= DATASET EXCERPT =
+ + +

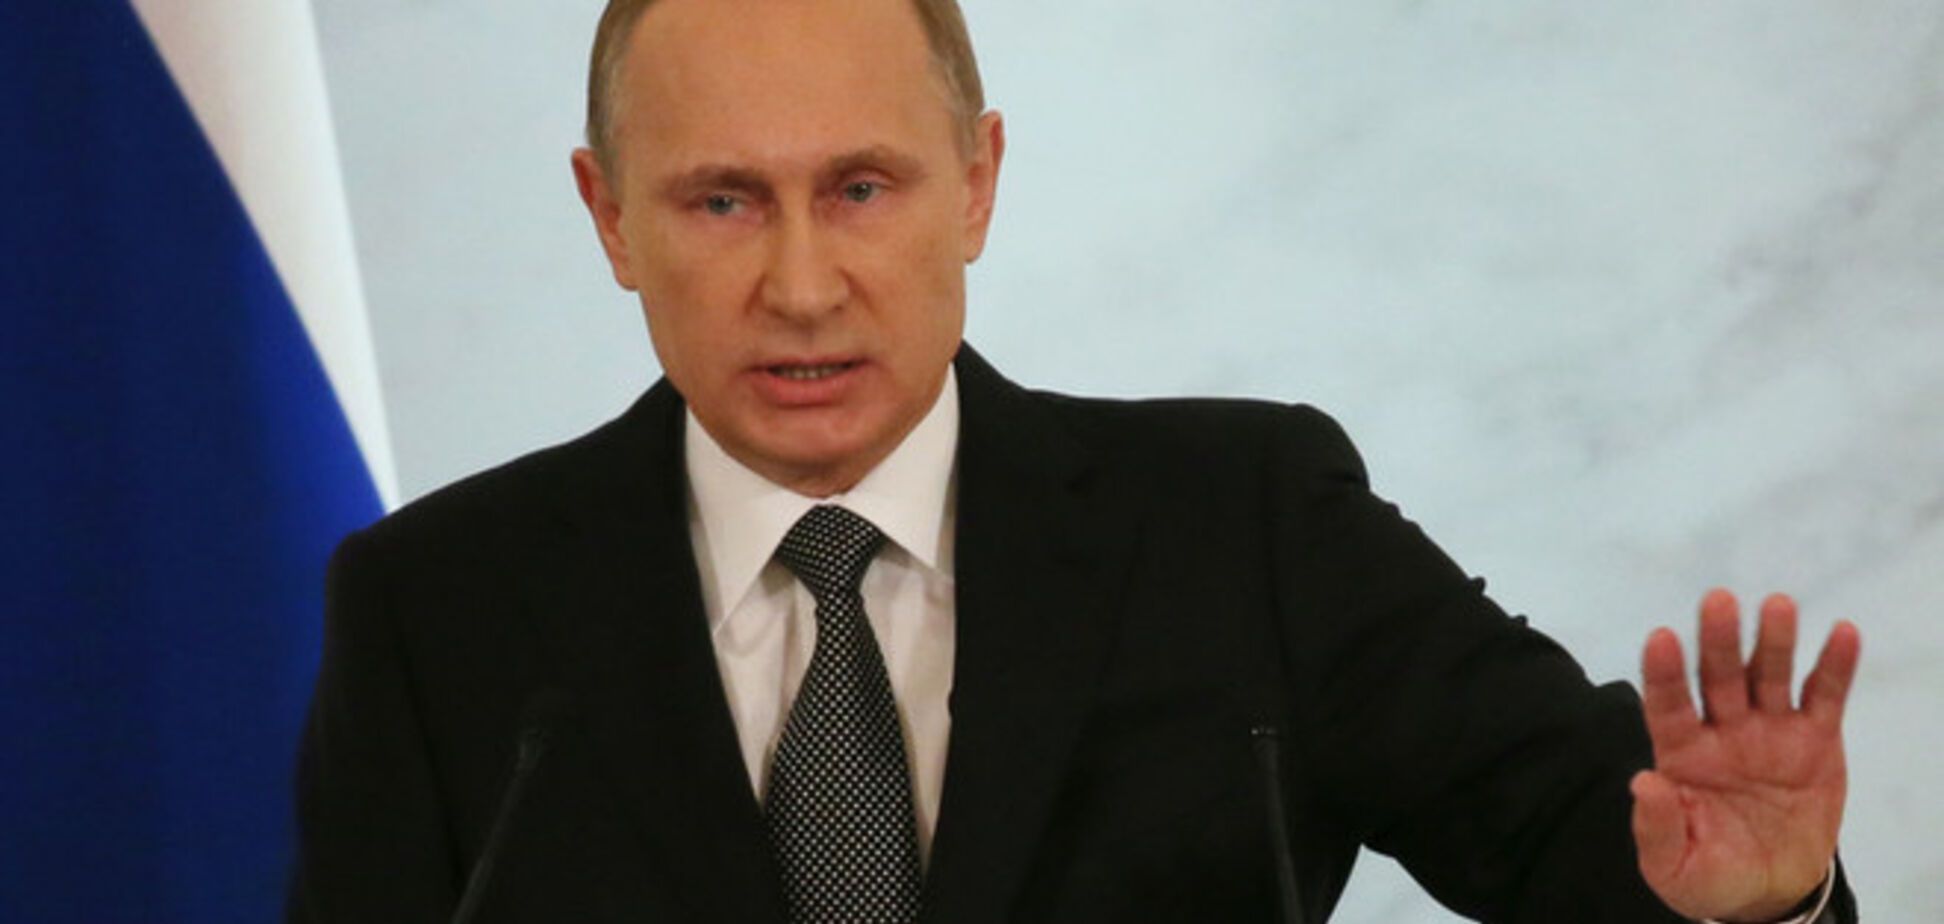 Путин внезапно изменил речь по Украине: стал мягче и дружелюбнее
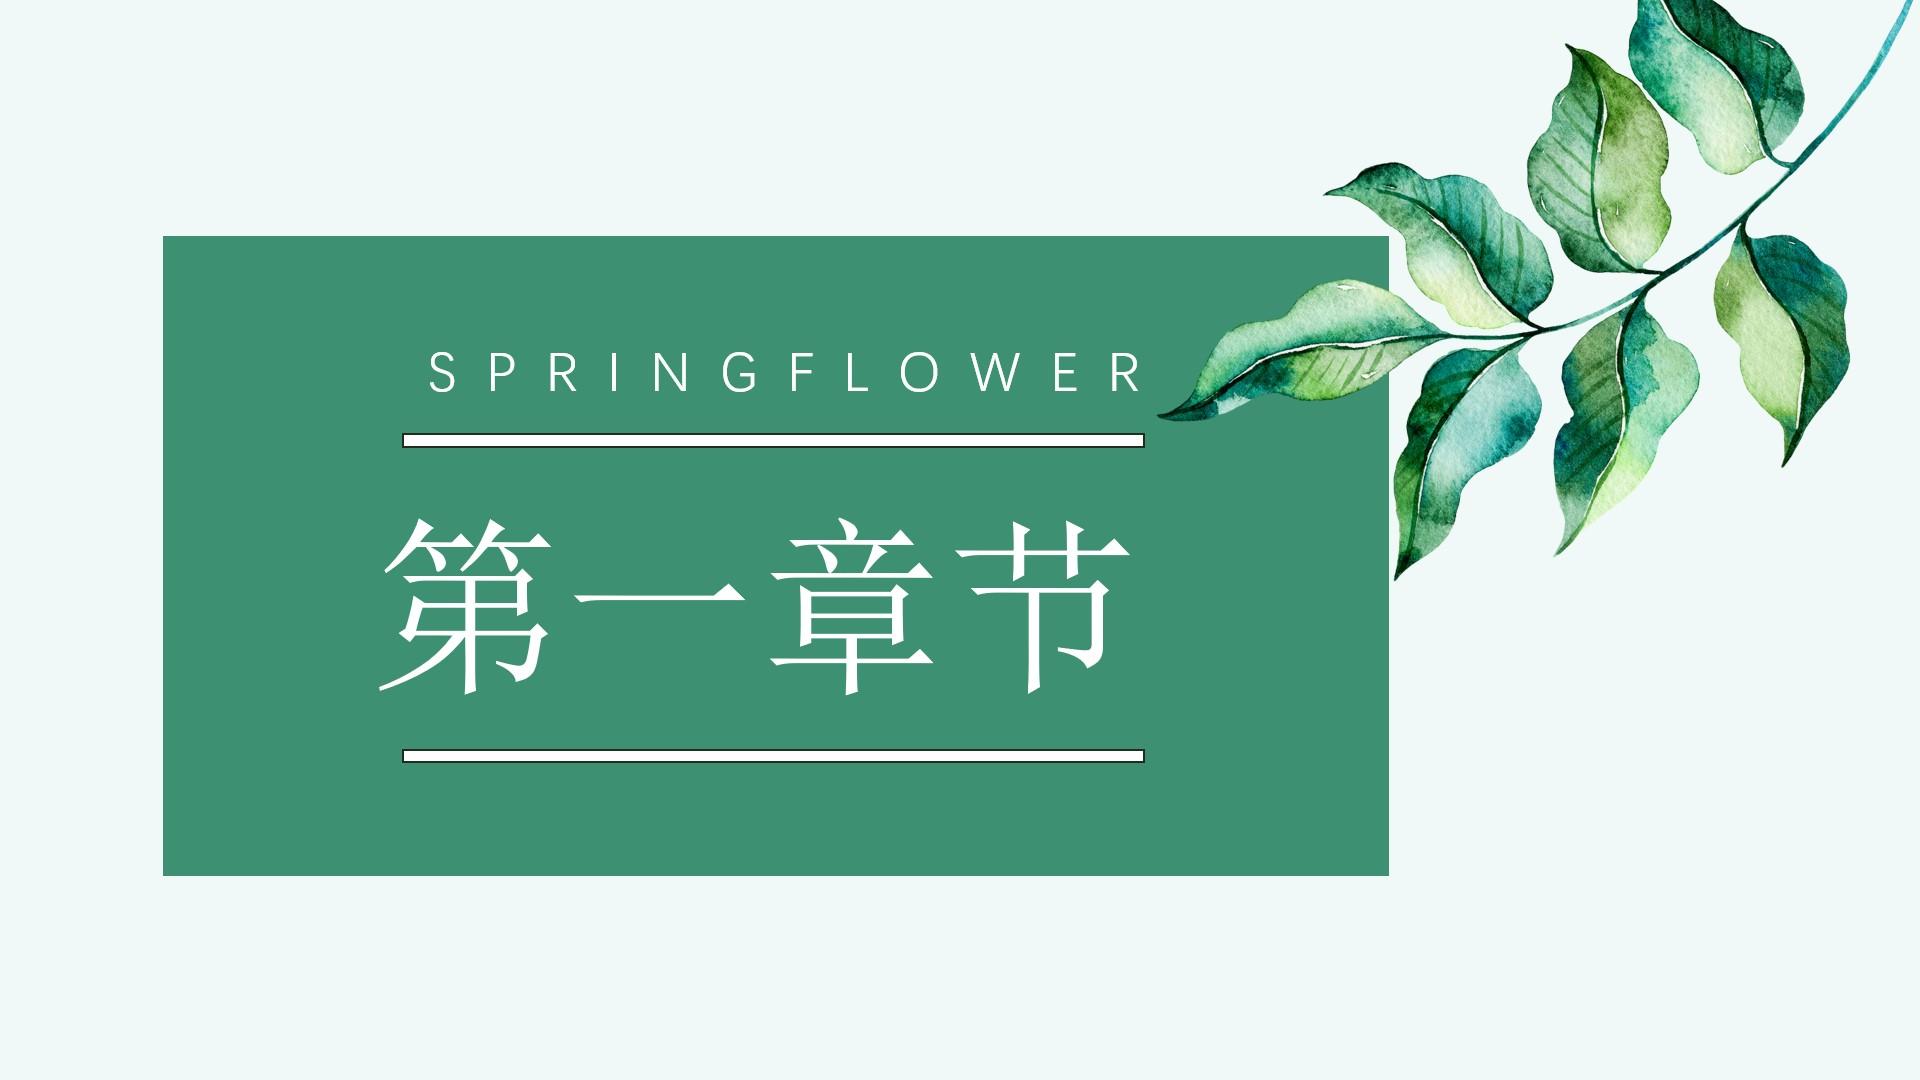 教育教学青色白色springflower云素材PPT模板1672509090106
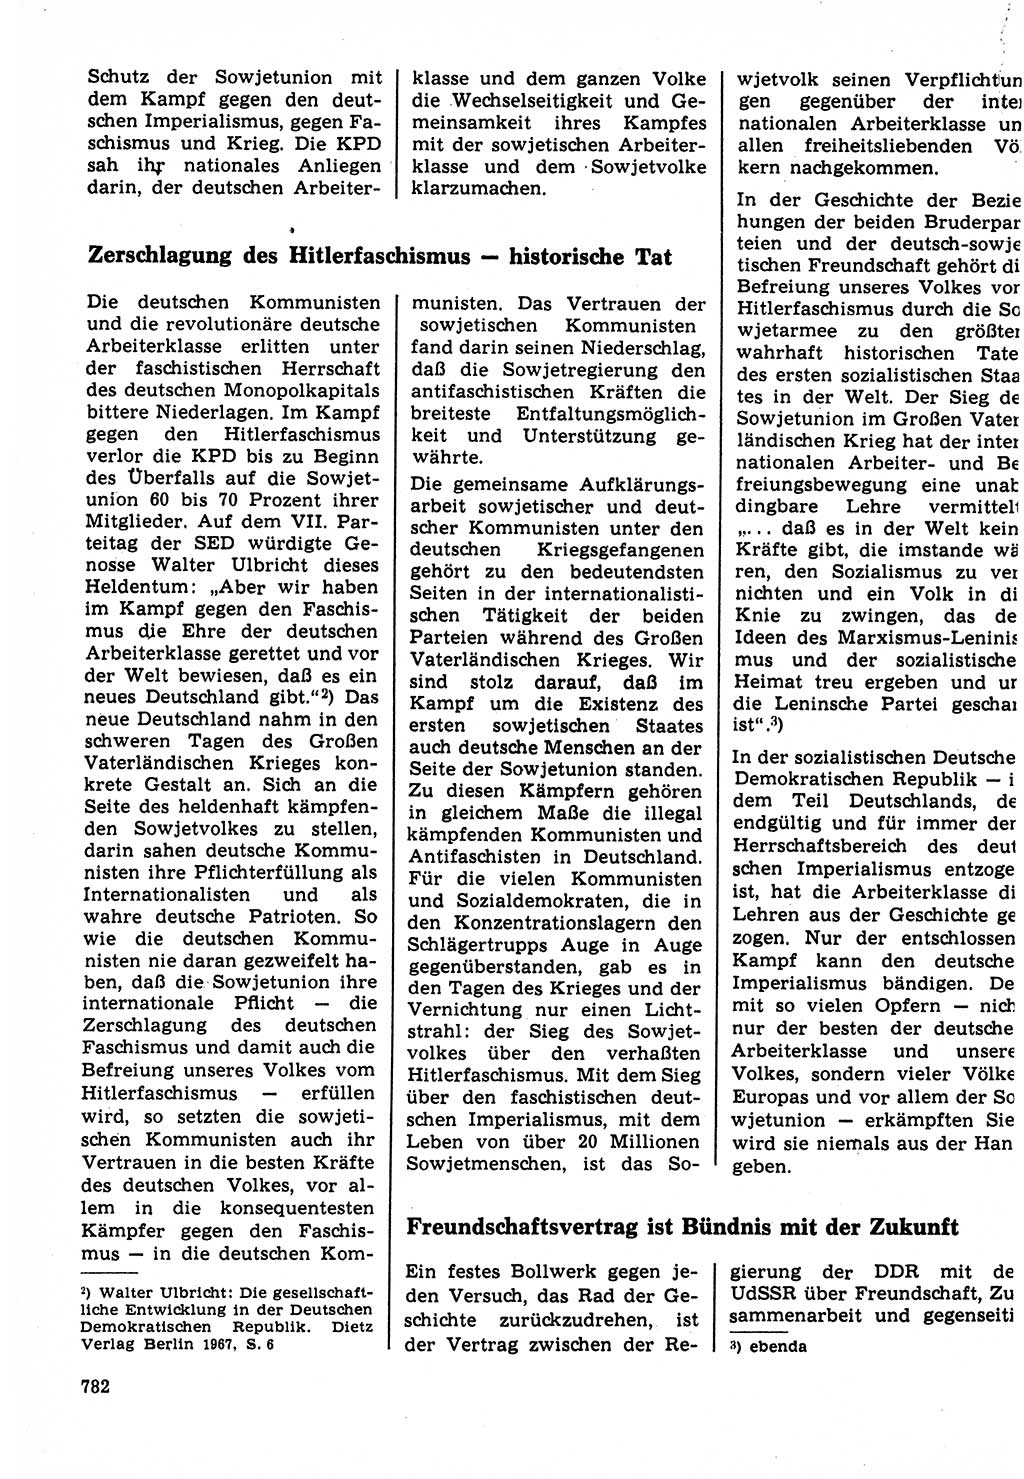 Neuer Weg (NW), Organ des Zentralkomitees (ZK) der SED (Sozialistische Einheitspartei Deutschlands) für Fragen des Parteilebens, 22. Jahrgang [Deutsche Demokratische Republik (DDR)] 1967, Seite 782 (NW ZK SED DDR 1967, S. 782)

+ + +

= TASK TO CARRY OUT =
All of the listing is to be written out exactly, with the pictures left out.

= SOLUTION TO THIS PROBLEM =
 Путин внезапно изменил речь по Украине: стал мягче и дружелюбнее
 教育教学青色白色springflower云素材PPT模板1672509090106
 Neuer Weg (NW), Organ des Zentralkomitees (ZK) der SED (Sozialistische Einheitspartei Deutschlands) für Fragen des Parteilebens, 22. Jahrgang [Deutsche Demokratische Republik (DDR)] 1967, Seite 782 (NW ZK SED DDR 1967, S. 782)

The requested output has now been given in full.